In the HDD 1, converting data read from the disk 10 to digital data and converting user data received through the host interface 73 to a write signal can be performed in the R/W channel 72. The effectiveness of the R/W channel 72 in reading an analog signal transferred from the disk 10 via the head 31 can be determined by a variety of channel parameters.

Also, the BPI can correspond to a data rate applied when the head 31 writes data to the disk 10 or reads data from the disk 10. The BPI can be determined through the zone mapping of the HDD 1. The performance of each of the head 31 and the disk 10 are among the major factors in determining the BPI.

A critical temperature to activate the write-verify function can be set for each head and each zone based on the at least one parameter measured for each head and each zone, at operation S120. The operation S120 can include assigning a performance level of each head and each zone according to a predetermined classification with respect to the BER measured for each head and each zone (operation S122) and setting the critical temperature corresponding to the performance level of each head and each zone (operation S124).

Referring to FIG. 5, the performance level can be divided into three sections: Performance Level 1, Performance Level 2, and Performance Level 3. Each performance level can indicate low performance, medium performance, and high performance, respectively. For example, in the operation S122, Performance Level 1 can be assigned to a combination of the head and zone belonging to a range in which a measured BER value exceeds 10⁻⁵, Performance Level 2 can be assigned to a combination of the head and zone belonging to a range in which a measured BER value is 10⁻⁶ through 10⁻⁵, and Performance Level 1 can be assigned to a combination of the head and zone belonging to a range in which a measured BER value is less than 10⁻⁶. These ranges can signify that the read/write performance increases as the BER value decreases.

When there are multiple measured parameters, the performance levels can be assigned in consideration of closeness to the read/write performance of each parameter or relevancy between the parameters.

In the operation S124, the critical temperature can be set to 7° C. for a combination of the head and zone to which Performance Level 1 is assigned.

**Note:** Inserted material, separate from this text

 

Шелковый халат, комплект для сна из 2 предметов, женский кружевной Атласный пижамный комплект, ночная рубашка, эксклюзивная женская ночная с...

The critical temperature can be set to 3° C. for a combination of the head and zone to which Performance Level 2 is assigned. The critical temperature can be set to 0° C. for a combination of the head and zone to which Performance Level 3 is assigned.

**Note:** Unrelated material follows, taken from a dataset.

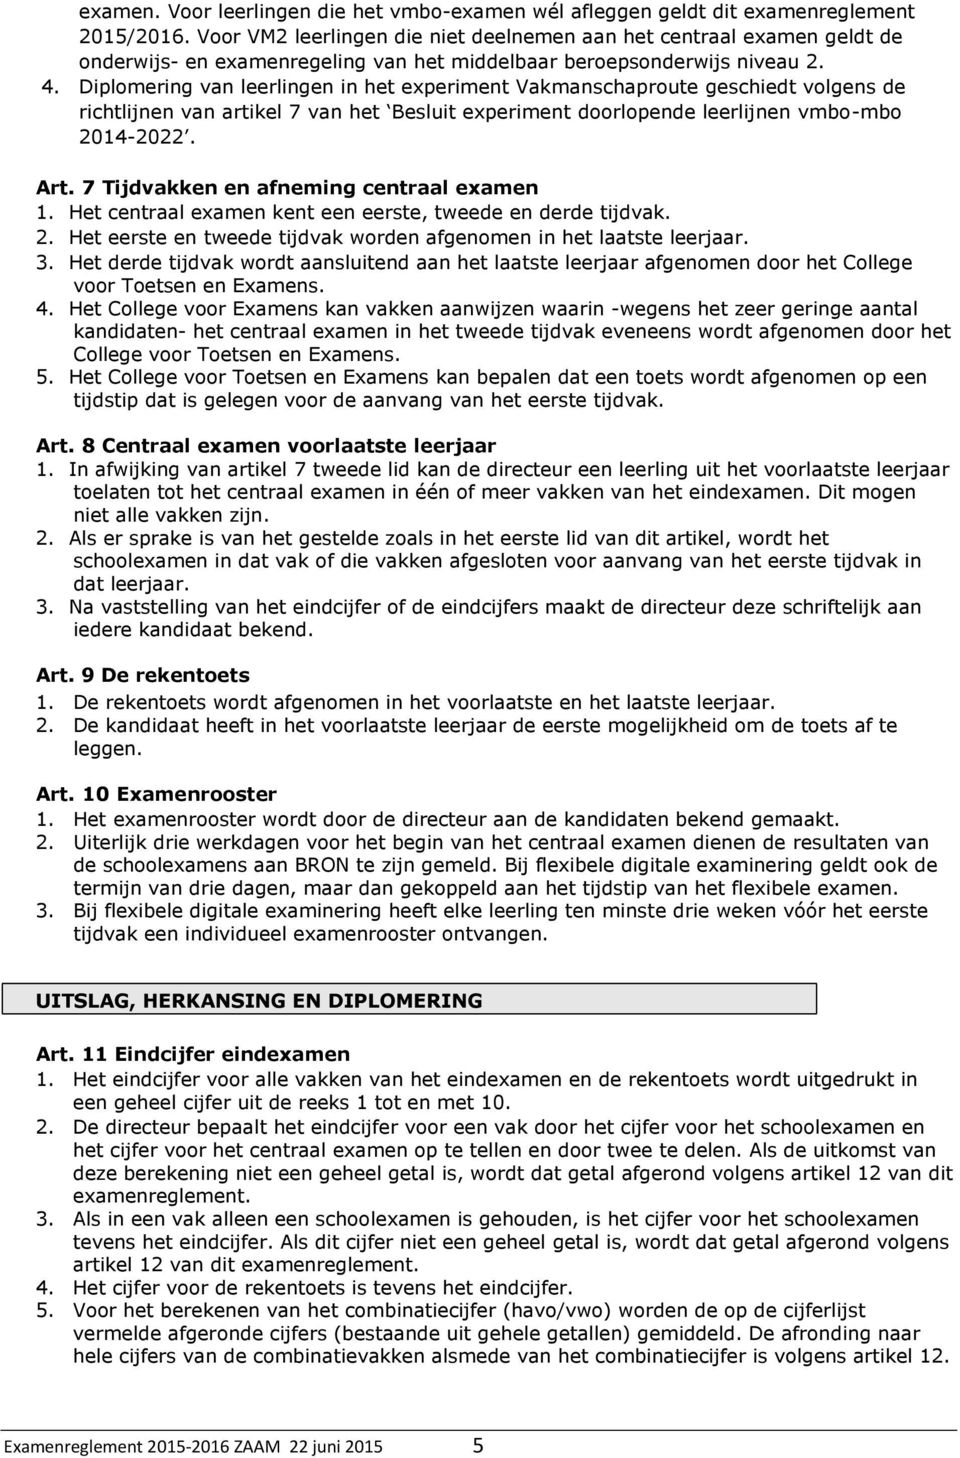 Diplomering van leerlingen in het experiment Vakmanschaproute geschiedt volgens de richtlijnen van artikel 7 van het Besluit experiment doorlopende leerlijnen vmbo-mbo 2014-2022. Art.

The critical temperature can be a temperature at which the activation of the write-verify function begins in the data write operation. When the internal temperature of the HDD 1 measured by the thermistor 80 is not higher than the critical temperature, write operation can be performed in a state in which the write-verify function is activated. The critical temperature can decrease as the read/write performance increases. Since the combination of the head and zone exhibiting high read/write performance has relatively high reliability on the performance even when the internal temperature of the HDD 1 is low, the write-verify function that may cause deterioration of the performance of the HDD 1 does not need to be activated at a relatively high temperature.

FIG. 6 is a table illustrating an example of critical temperatures to activate a write-verify function set for each head and each zone. Referring to FIG. 6, an example of the critical temperatures set for each head and each zone in the operation S124 is illustrated. The critical temperature set for each head and each zone in the operation S124 can be stored in the memory 74 of the HDD 1 in the form of a table. The table can then be referred to as a reference to activate the write-verify function when the data write operation is performed with respect to the disk 10. However, the performance level section and the critical temperature are not limited to those illustrated in FIG. 5 and may be changed according to the type or quality of the HDD 1, or at the request by a user.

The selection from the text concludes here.